▸ WHAT THE TASK REQUIRES
Can you restate the lines of the entries below, word for word, from the first one through the line that includes "White Bridal Personalised Coat-hanger"?

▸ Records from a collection

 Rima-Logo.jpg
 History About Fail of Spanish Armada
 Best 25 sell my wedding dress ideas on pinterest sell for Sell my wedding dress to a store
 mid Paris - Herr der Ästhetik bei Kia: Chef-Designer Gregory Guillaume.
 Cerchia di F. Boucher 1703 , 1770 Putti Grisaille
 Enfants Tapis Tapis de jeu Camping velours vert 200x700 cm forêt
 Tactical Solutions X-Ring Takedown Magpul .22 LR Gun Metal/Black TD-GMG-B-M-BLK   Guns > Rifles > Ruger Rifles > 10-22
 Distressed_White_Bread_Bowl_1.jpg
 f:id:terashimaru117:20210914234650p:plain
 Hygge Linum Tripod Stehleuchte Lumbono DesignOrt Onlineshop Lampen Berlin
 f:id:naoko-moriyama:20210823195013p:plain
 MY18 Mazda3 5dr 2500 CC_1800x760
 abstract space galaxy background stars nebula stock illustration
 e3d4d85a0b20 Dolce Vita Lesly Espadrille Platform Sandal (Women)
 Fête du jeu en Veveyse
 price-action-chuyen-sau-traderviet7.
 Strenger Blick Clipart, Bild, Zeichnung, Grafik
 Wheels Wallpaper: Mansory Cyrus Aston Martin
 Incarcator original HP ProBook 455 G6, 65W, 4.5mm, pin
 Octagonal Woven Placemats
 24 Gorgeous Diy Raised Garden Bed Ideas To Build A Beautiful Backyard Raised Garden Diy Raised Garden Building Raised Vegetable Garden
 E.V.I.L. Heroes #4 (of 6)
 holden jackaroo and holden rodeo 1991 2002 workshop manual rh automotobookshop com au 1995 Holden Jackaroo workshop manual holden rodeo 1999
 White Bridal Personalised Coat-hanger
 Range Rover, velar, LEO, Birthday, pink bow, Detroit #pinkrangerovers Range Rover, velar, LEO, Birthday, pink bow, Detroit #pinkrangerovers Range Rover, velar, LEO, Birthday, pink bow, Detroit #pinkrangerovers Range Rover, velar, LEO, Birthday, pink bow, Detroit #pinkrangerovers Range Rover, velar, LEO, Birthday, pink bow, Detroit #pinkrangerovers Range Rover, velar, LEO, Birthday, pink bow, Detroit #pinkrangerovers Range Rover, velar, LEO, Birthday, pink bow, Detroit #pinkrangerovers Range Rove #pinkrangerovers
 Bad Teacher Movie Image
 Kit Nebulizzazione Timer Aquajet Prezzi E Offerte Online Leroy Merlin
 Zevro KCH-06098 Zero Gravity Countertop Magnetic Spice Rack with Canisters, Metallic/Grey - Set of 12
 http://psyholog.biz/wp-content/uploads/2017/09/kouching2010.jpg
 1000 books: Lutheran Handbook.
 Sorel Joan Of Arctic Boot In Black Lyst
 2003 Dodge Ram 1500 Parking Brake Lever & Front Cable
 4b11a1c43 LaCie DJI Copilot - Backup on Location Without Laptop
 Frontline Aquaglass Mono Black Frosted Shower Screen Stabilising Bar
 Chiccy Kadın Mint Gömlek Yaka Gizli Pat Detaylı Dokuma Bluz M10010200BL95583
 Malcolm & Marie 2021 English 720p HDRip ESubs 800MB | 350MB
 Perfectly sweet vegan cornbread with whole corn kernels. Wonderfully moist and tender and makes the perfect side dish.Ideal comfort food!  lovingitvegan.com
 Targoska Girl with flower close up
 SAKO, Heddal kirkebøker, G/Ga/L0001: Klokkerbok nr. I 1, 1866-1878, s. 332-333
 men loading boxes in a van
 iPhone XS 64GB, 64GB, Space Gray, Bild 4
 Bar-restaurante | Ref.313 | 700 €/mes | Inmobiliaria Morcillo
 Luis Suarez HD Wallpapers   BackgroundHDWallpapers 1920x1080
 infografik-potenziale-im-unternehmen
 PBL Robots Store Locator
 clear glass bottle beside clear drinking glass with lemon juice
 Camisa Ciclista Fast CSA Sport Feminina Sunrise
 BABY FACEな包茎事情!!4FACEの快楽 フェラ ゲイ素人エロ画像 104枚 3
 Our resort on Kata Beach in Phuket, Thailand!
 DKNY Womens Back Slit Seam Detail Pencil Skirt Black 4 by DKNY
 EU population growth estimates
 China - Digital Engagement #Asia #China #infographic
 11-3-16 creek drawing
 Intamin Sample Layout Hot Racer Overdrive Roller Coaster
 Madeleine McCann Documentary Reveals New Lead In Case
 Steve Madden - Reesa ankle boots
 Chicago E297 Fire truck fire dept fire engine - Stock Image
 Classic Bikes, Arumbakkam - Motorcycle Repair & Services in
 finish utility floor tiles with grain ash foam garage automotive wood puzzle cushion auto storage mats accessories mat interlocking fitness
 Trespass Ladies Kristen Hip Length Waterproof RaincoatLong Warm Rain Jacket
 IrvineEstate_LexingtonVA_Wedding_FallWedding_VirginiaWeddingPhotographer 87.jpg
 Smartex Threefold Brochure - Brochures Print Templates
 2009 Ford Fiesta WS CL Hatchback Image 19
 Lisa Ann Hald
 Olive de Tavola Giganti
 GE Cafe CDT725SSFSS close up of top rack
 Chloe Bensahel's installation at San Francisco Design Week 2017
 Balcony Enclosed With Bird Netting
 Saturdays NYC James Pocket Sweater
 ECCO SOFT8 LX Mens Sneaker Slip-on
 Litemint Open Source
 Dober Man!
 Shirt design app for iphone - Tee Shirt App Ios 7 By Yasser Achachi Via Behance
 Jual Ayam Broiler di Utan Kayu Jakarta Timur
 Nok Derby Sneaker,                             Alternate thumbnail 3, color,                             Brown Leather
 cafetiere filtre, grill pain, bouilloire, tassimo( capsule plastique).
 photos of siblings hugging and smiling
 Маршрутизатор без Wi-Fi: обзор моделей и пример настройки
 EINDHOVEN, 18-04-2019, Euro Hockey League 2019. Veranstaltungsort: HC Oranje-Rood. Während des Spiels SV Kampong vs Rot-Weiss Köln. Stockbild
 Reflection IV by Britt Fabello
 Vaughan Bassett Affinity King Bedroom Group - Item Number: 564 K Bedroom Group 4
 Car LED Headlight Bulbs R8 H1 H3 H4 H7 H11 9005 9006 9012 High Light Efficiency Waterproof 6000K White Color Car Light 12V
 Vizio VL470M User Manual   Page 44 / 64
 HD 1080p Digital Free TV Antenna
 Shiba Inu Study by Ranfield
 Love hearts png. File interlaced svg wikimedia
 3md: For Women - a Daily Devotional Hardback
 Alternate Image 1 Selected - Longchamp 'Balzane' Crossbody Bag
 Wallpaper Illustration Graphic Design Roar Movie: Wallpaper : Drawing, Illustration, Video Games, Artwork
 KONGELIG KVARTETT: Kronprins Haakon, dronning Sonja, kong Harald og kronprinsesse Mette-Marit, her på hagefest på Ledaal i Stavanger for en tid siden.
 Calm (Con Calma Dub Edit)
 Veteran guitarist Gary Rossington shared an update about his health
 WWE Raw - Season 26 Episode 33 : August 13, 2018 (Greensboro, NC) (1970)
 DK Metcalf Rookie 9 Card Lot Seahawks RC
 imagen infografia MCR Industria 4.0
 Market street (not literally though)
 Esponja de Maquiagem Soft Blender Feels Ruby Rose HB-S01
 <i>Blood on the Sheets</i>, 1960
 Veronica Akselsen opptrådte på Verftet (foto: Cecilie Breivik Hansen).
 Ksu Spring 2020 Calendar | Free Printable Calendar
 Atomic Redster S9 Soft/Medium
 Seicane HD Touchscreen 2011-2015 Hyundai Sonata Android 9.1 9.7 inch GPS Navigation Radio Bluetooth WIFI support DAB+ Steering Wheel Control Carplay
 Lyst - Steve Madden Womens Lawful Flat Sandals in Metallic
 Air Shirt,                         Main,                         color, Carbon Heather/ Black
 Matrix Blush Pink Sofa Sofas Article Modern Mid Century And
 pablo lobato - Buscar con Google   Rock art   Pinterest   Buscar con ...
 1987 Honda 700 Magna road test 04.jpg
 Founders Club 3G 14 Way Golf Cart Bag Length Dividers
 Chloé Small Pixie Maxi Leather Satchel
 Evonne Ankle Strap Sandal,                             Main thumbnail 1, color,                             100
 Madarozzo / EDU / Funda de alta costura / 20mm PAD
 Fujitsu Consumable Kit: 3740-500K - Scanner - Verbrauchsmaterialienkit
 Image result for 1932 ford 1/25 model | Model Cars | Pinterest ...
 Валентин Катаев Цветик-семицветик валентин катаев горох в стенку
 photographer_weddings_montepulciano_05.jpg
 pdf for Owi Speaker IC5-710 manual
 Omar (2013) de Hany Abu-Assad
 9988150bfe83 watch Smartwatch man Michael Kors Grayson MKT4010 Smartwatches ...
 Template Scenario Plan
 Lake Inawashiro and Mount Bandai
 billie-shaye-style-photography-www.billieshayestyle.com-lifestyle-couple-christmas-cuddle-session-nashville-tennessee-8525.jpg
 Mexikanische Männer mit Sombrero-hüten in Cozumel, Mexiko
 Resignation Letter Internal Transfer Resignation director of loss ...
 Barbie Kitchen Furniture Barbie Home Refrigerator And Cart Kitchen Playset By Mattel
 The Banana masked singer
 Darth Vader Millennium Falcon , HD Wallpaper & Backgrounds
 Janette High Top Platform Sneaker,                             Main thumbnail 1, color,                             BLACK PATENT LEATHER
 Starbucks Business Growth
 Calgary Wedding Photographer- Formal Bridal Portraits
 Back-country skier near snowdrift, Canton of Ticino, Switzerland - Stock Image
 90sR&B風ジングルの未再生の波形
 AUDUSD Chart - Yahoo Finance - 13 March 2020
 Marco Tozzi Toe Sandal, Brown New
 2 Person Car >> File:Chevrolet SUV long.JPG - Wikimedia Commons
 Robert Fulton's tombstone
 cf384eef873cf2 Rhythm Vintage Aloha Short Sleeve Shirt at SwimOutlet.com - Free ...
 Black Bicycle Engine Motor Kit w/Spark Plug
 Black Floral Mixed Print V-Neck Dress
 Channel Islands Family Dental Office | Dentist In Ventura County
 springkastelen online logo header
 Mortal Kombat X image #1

▸ FINISHED TASK
 Rima-Logo.jpg
 History About Fail of Spanish Armada
 Best 25 sell my wedding dress ideas on pinterest sell for Sell my wedding dress to a store
 mid Paris - Herr der Ästhetik bei Kia: Chef-Designer Gregory Guillaume.
 Cerchia di F. Boucher 1703 , 1770 Putti Grisaille
 Enfants Tapis Tapis de jeu Camping velours vert 200x700 cm forêt
 Tactical Solutions X-Ring Takedown Magpul .22 LR Gun Metal/Black TD-GMG-B-M-BLK   Guns > Rifles > Ruger Rifles > 10-22
 Distressed_White_Bread_Bowl_1.jpg
 f:id:terashimaru117:20210914234650p:plain
 Hygge Linum Tripod Stehleuchte Lumbono DesignOrt Onlineshop Lampen Berlin
 f:id:naoko-moriyama:20210823195013p:plain
 MY18 Mazda3 5dr 2500 CC_1800x760
 abstract space galaxy background stars nebula stock illustration
 e3d4d85a0b20 Dolce Vita Lesly Espadrille Platform Sandal (Women)
 Fête du jeu en Veveyse
 price-action-chuyen-sau-traderviet7.
 Strenger Blick Clipart, Bild, Zeichnung, Grafik
 Wheels Wallpaper: Mansory Cyrus Aston Martin
 Incarcator original HP ProBook 455 G6, 65W, 4.5mm, pin
 Octagonal Woven Placemats
 24 Gorgeous Diy Raised Garden Bed Ideas To Build A Beautiful Backyard Raised Garden Diy Raised Garden Building Raised Vegetable Garden
 E.V.I.L. Heroes #4 (of 6)
 holden jackaroo and holden rodeo 1991 2002 workshop manual rh automotobookshop com au 1995 Holden Jackaroo workshop manual holden rodeo 1999
 White Bridal Personalised Coat-hanger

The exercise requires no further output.